Это правда. Будь Сарай человеком, она не смогла бы проникать в сны Лазло. Но… она могла бы быть с ним в одной комнате. Внутри вспыхнул жар, но не от стыда или позора. Это была тоска, но не сердечная, а плотская. Желание, чтобы к ней прикасались. Переплетаться с кем-то конечностями. Оно сосредоточилось в ее животе, на котором теперь была элилит, и девушка, дрожа, провела по татуировке рукой. Наверху в цитадели, расхаживая туда-сюда, ее тело тоже вздрогнуло.
– Я готова пойти на такую жертву, – сказала она.
Лазло не мог этого понять – что богиня готова отречься от своей магии. Но дело было не только в ней. Он считал, что она прекрасна в любом цвете, но обнаружил, что скучает по ее истинному изысканному оттенку.
– Ты же не хочешь на самом деле меняться, правда? – не унимался он. – Если бы все это было по-настоящему и перед тобой предстал такой выбор?
Отказалась бы она? Почему тогда ее подсознание – ее внутренний махалат – выбрал эту трансформацию?
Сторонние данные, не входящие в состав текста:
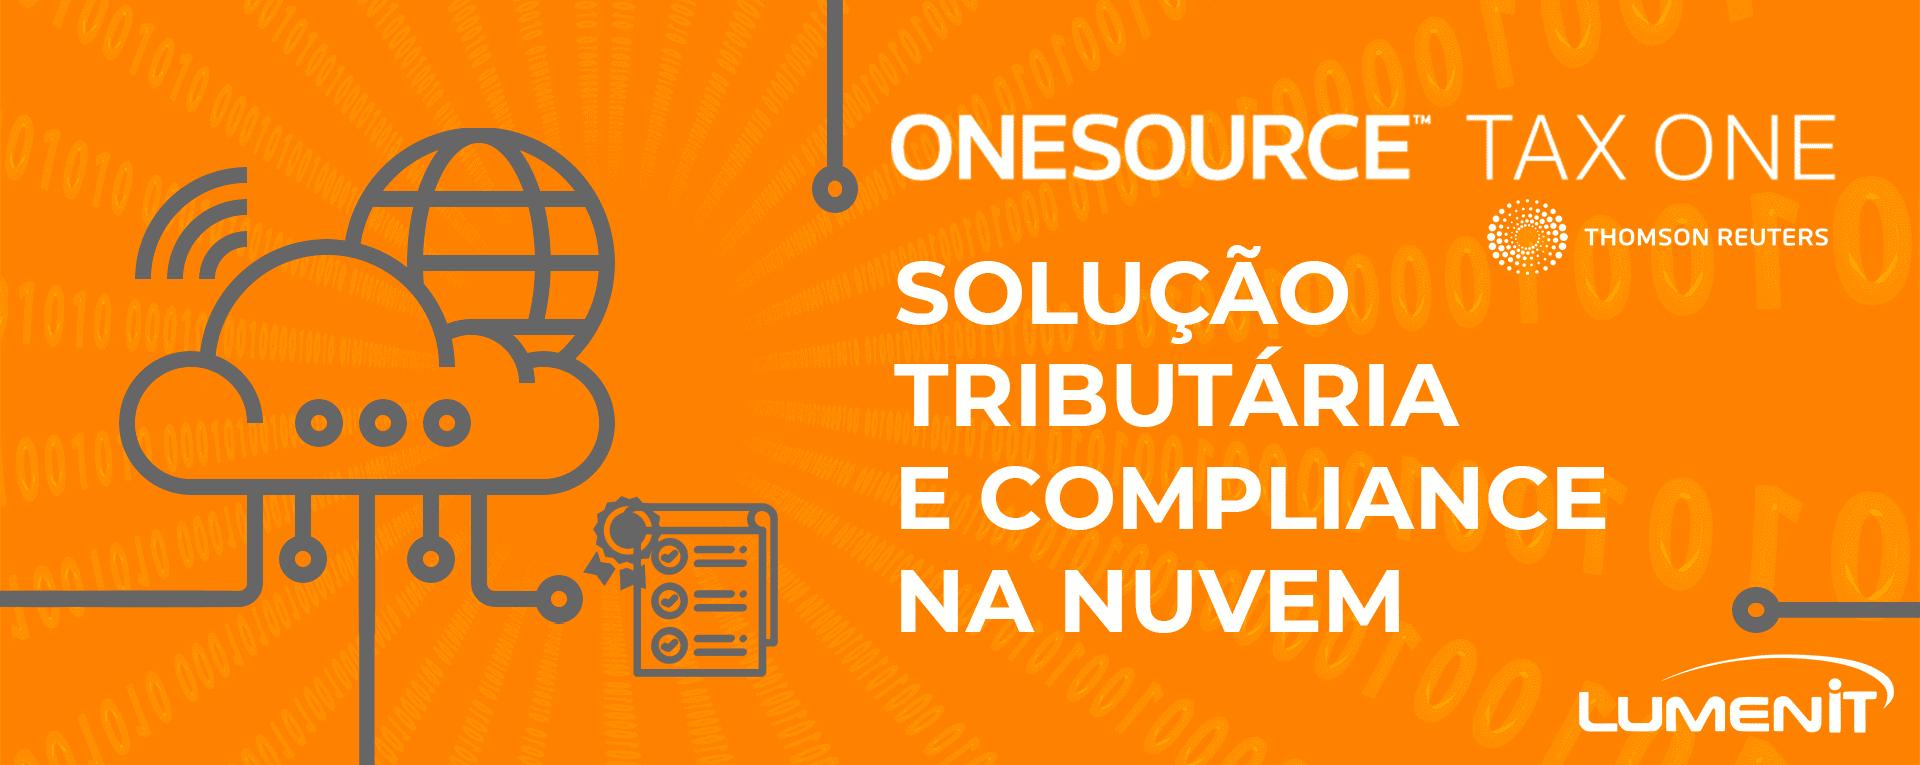 Onesource TAX ONE - Segurança em Cloud, certeza em Compliance!

– Если бы это подразумевало, что у меня будет жизнь? С радостью бы поменялась.
Лазло казался сбитым с толку.
– Но ты и так живая, – внезапно его кольнул страх. – Ведь так? Ты же не призрак, как те…
– Нет, – ответила Сарай к его огромному облегчению. – Но я божий отпрыск, а ты наверняка понимаешь, что есть разница между тем, чтобы быть живым, и тем, чтобы жить по-настоящему.
Лазло понимал. По крайней мере, ему так казалось. Он подумал, что то, о чем она говорила, можно сравнить с жизнью найденыша в Земонанском аббатстве: он был жив, но не жил. И поскольку Лазло нашел путь от одного состояния к другому и даже исполнил свою заветную мечту, то чувствовал, что уже имеет определенную квалификацию по этому вопросу. Но ему недоставало ключевой части головоломки. Ключевой, кровавой части. У него были основания ей сочувствовать, и делал он это от всей души.
– Не спорю, жизнь взаперти – и не жизнь вовсе. Но теперь, когда мы о тебе знаем, то можем тебя освободить.
– Освободить? И что, спустить в Плач?
В ее голосе затесалось скептическое веселье, и пока Сарай говорила, ее настоящий цвет вернулся, кожа вспыхнула голубым. «Все это пустая болтовня», – подумала она. Жестокая правда не терпела фантазий. Лазло тоже вернулся к своему прежнему цвету. Сарай стало этого почти жаль – она даже чуть было не поверила, что между ними есть что-то общее. Неужели еще совсем недавно она действительно мечтала, что этот чужак сможет ей помочь? Сможет ее спасти? Он ничего не смыслил в происходящем.
– Ты же понимаешь, – начала она с чрезмерной резкостью, – что они тут же убьют меня?
– Кто?
– Да кто угодно.
– Нет, – Лазло помотал головой, не желая этому верить. – Они хорошие люди. Да, это будет неожиданностью, но они не станут тебя ненавидеть только из-за того, кем были твои родители.
Сарай остановилась:
– Думаешь, хорошие люди не могут ненавидеть? Думаешь, хорошие люди не убивают? – У нее перехватило дыхание, кулак сжал цветок Лазло. Лепестки посыпались в воду. – Хорошие люди делают то же, что и плохие, Лазло. Просто они называют это правосудием. – Она выдержала паузу, ее голос отяжелел. – Когда они убивают тридцать младенцев в колыбельках, они называют это необходимостью.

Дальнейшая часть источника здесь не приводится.